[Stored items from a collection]

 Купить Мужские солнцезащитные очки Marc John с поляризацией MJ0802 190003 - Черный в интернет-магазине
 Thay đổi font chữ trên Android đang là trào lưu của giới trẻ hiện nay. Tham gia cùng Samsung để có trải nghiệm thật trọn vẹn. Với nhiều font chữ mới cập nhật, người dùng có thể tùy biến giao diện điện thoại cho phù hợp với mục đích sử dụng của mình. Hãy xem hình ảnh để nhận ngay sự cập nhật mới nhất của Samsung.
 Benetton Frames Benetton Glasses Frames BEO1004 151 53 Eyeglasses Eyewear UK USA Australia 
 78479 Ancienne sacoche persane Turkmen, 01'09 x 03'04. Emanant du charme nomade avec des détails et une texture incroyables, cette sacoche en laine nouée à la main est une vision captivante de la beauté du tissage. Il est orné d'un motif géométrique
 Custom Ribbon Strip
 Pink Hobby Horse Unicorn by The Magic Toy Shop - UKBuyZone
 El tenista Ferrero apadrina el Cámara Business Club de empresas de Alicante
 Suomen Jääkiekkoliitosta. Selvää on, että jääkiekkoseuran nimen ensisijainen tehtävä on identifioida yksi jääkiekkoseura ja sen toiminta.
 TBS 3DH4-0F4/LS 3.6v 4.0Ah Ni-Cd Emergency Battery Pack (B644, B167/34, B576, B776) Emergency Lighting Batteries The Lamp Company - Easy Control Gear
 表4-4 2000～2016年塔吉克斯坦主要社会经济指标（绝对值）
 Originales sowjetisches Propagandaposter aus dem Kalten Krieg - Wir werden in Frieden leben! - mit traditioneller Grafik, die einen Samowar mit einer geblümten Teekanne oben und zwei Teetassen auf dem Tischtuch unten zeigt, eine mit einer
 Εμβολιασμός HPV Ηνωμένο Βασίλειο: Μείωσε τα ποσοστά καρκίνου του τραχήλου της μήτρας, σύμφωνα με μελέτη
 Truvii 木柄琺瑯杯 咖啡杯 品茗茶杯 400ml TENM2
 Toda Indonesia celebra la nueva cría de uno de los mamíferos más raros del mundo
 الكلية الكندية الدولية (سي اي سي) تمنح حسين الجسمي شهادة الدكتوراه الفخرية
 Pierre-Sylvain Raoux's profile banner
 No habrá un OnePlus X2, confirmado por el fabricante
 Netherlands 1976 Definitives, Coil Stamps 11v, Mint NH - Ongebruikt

◆ WHAT YOU SHOULD DO
Retype exactly, and only, the lines above from the one where "Suomen Jääkiekkoliitosta. Selvää" occurs up to and including the one where "表4-4 2000～2016年塔吉克斯坦主要社会经济指标（绝对值）" occurs.

◆ EXERCISE SOLUTION
 Suomen Jääkiekkoliitosta. Selvää on, että jääkiekkoseuran nimen ensisijainen tehtävä on identifioida yksi jääkiekkoseura ja sen toiminta.
 TBS 3DH4-0F4/LS 3.6v 4.0Ah Ni-Cd Emergency Battery Pack (B644, B167/34, B576, B776) Emergency Lighting Batteries The Lamp Company - Easy Control Gear
 表4-4 2000～2016年塔吉克斯坦主要社会经济指标（绝对值）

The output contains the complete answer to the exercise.